* What to work on
What you return should be the lines from the one with "SDHEA exame" through the one with "Vintage Ducks Unlimited Sweatshirt XXL" in the data below, reproduced exactly with both ends, and no pictures at all.

* Data records
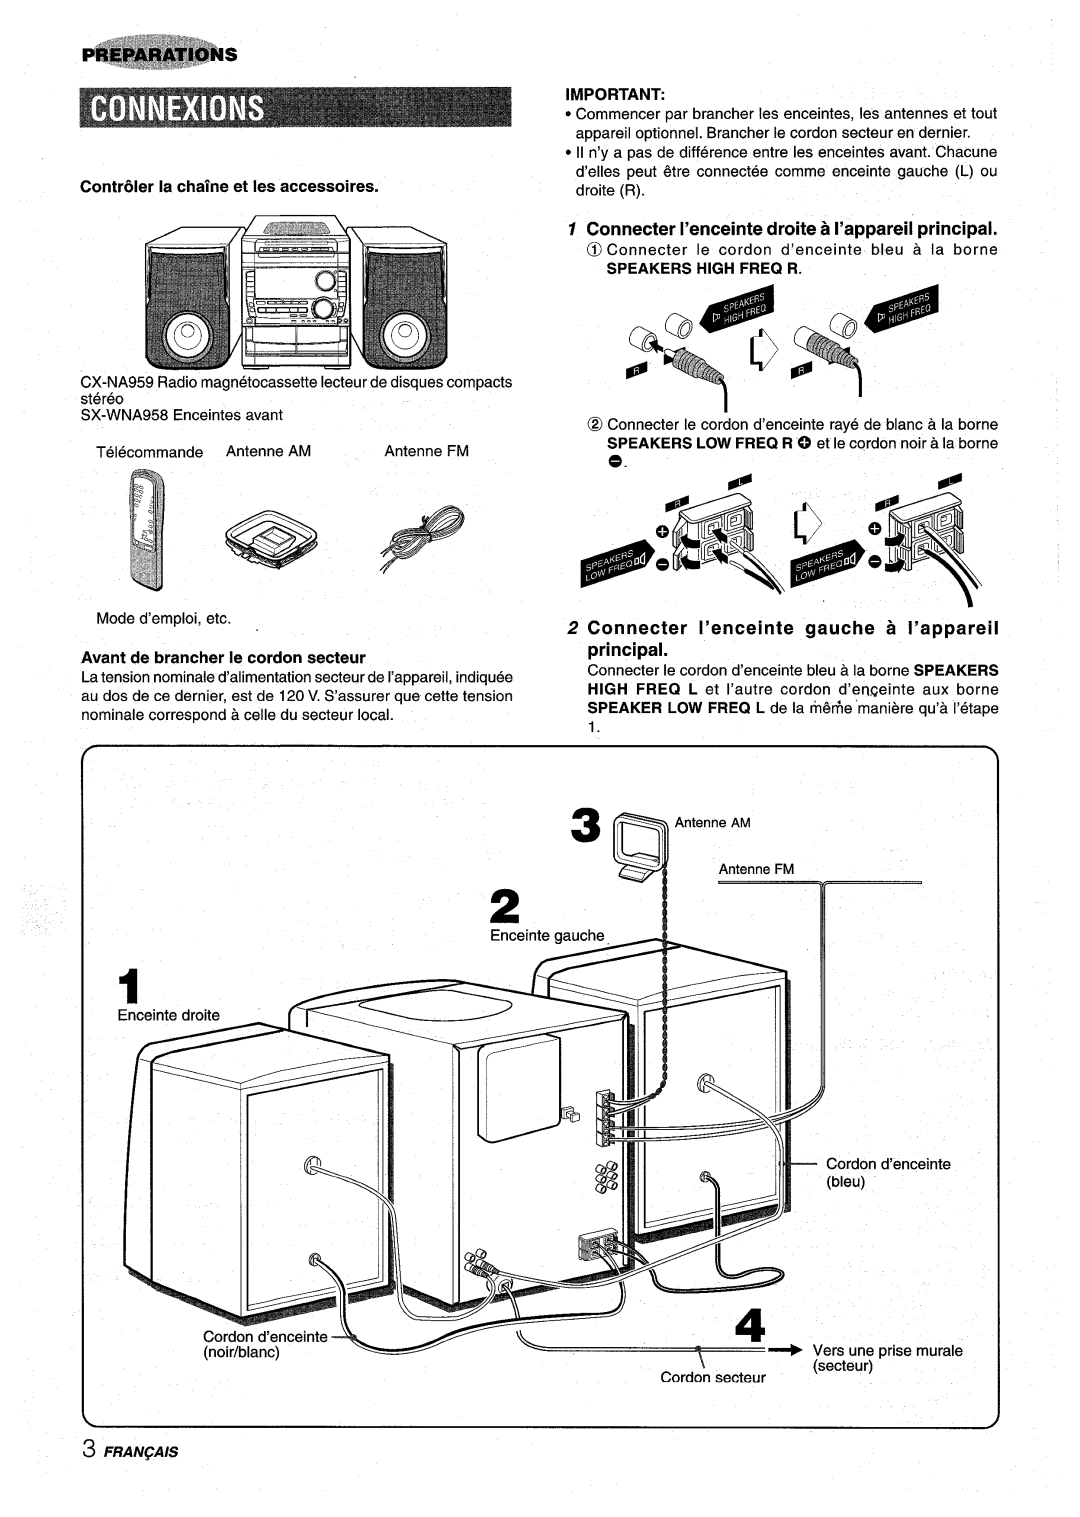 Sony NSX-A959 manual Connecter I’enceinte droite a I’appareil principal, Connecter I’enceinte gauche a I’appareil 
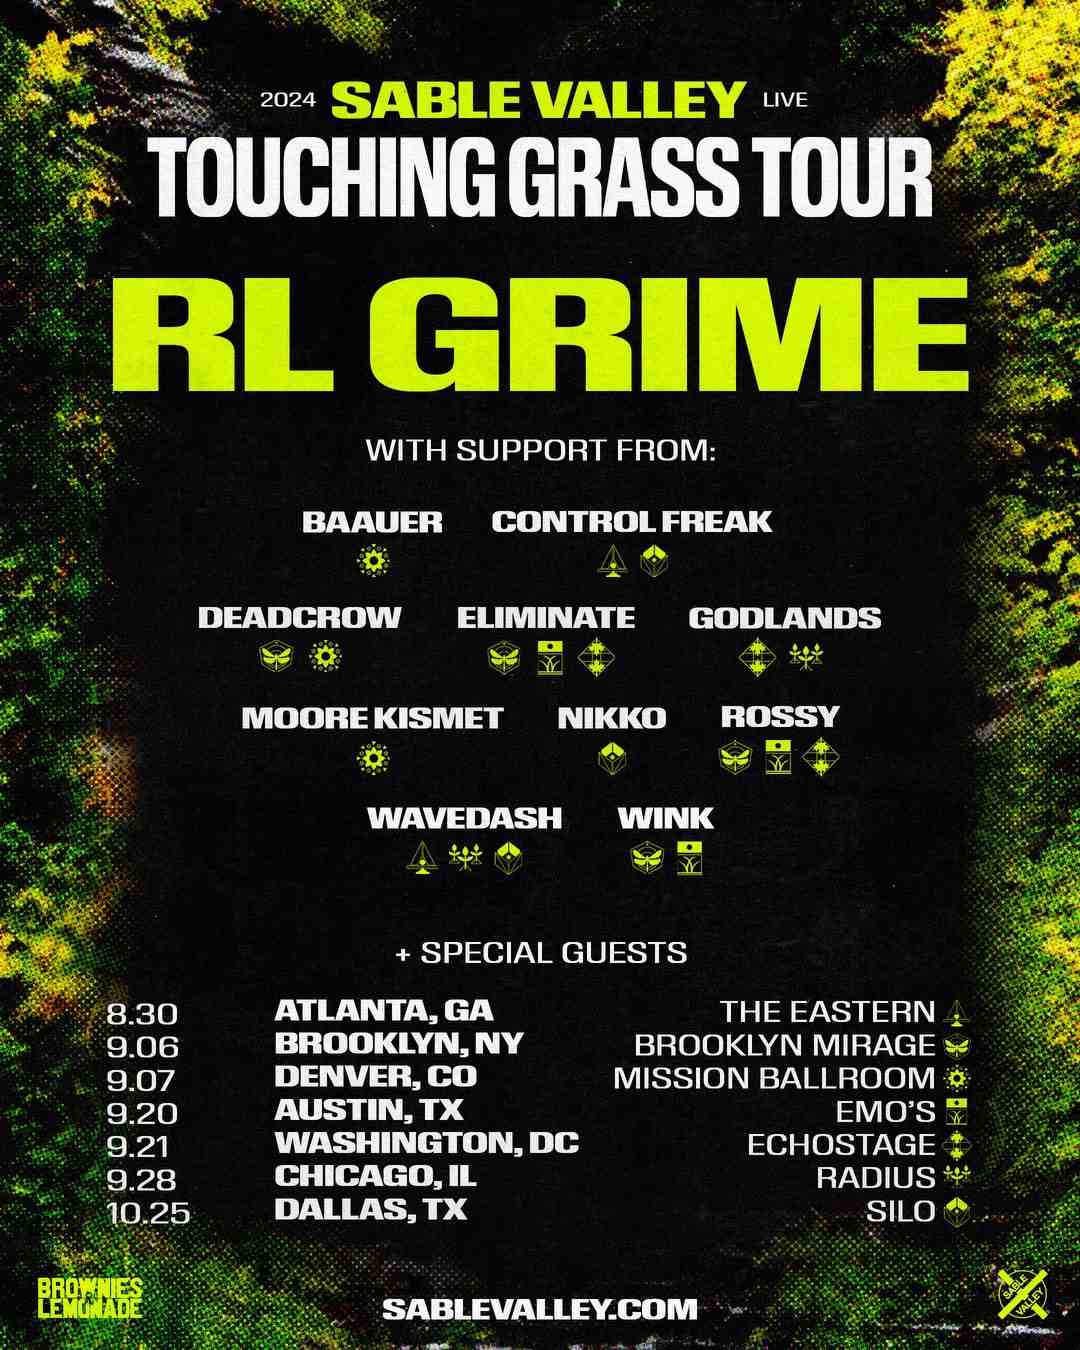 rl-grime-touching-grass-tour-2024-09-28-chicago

---

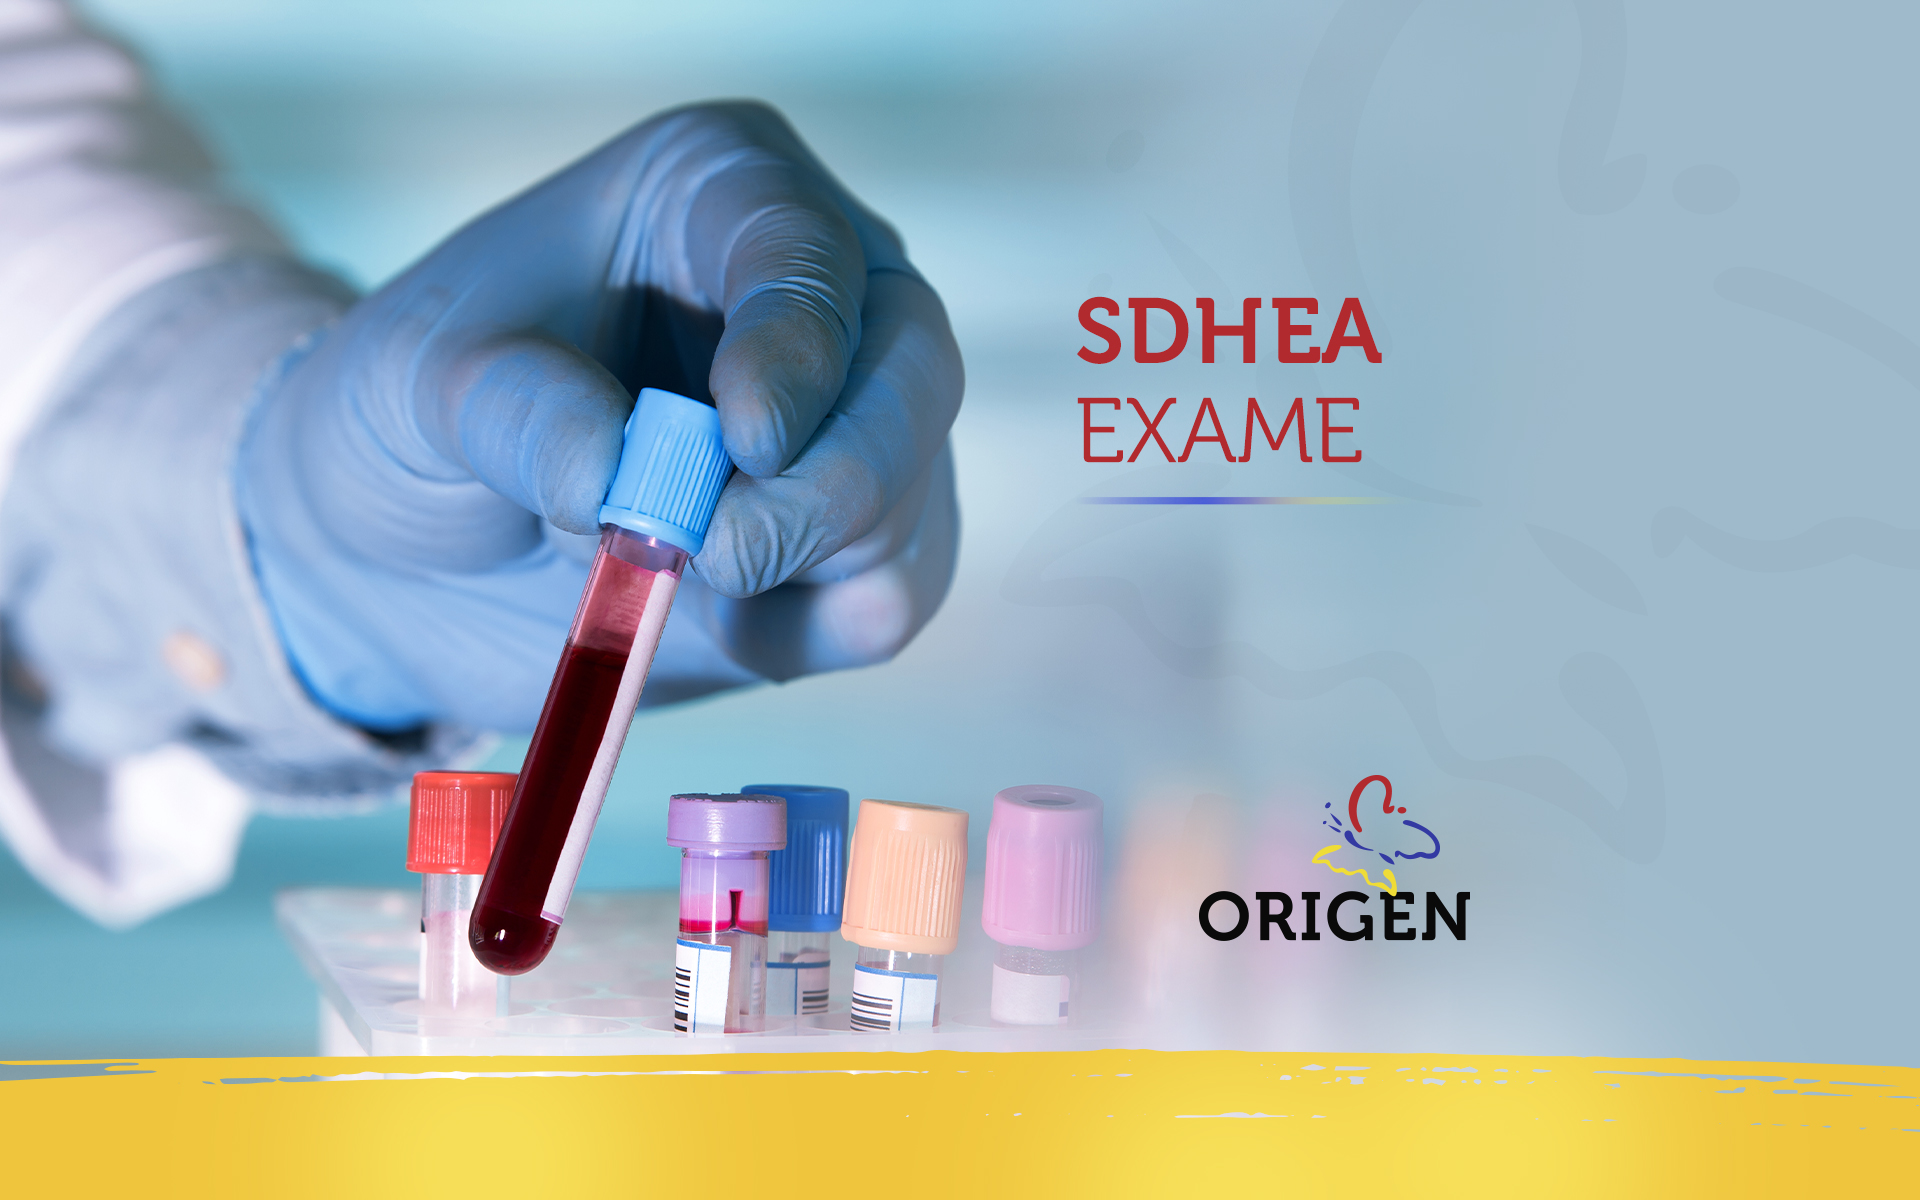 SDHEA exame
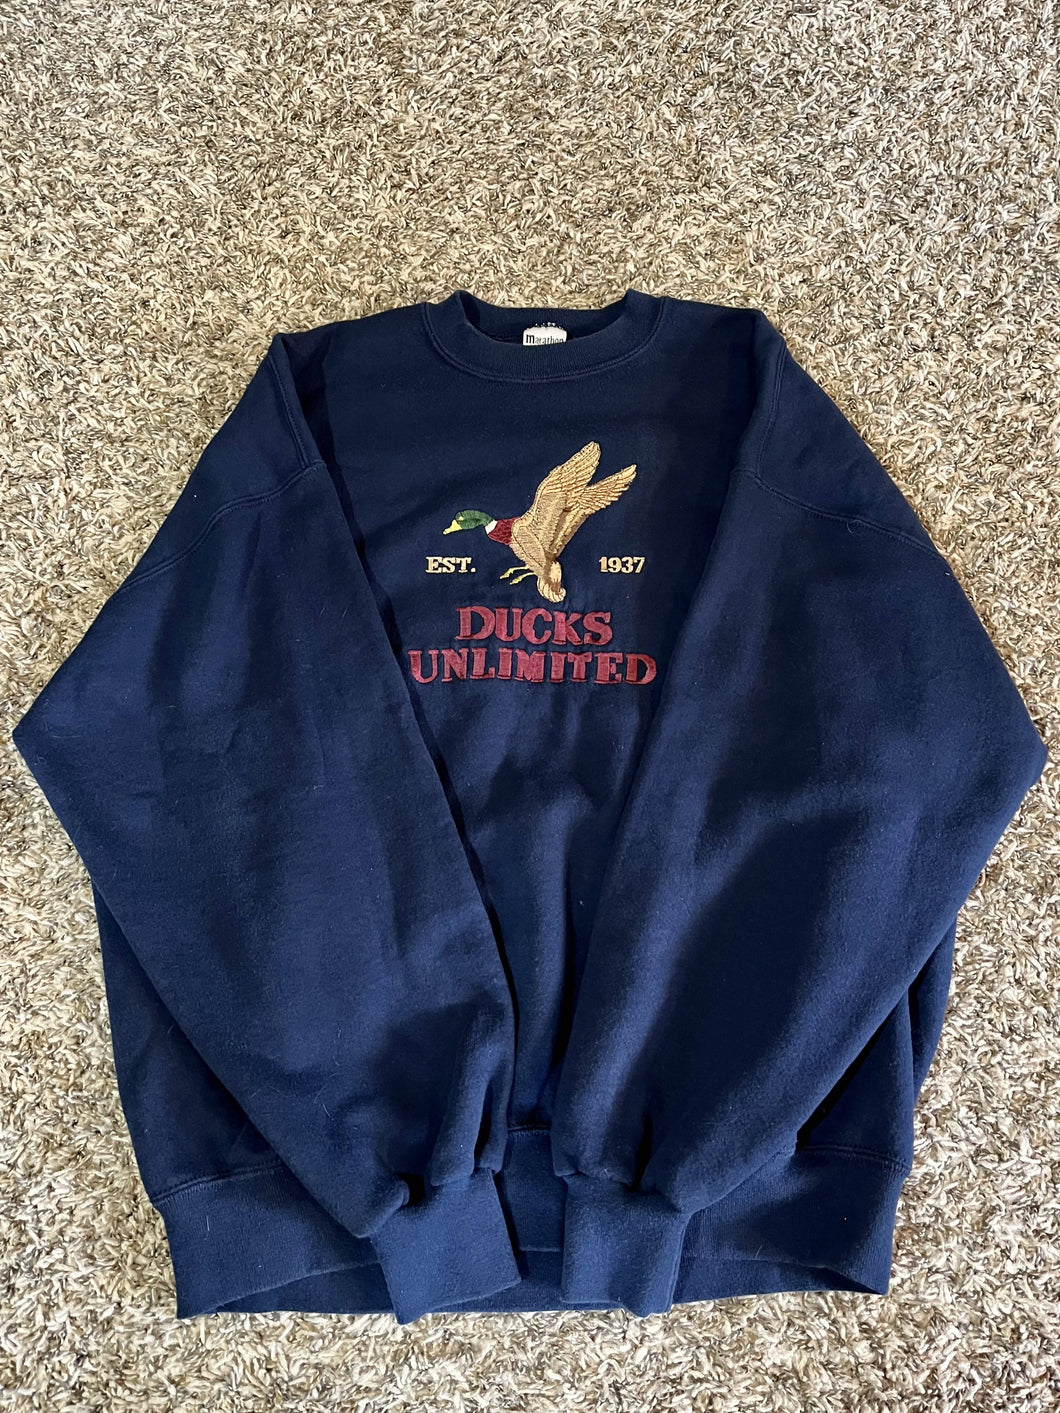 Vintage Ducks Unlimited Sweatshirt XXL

* Reply
 SDHEA exame
 Vintage Ducks Unlimited Sweatshirt XXL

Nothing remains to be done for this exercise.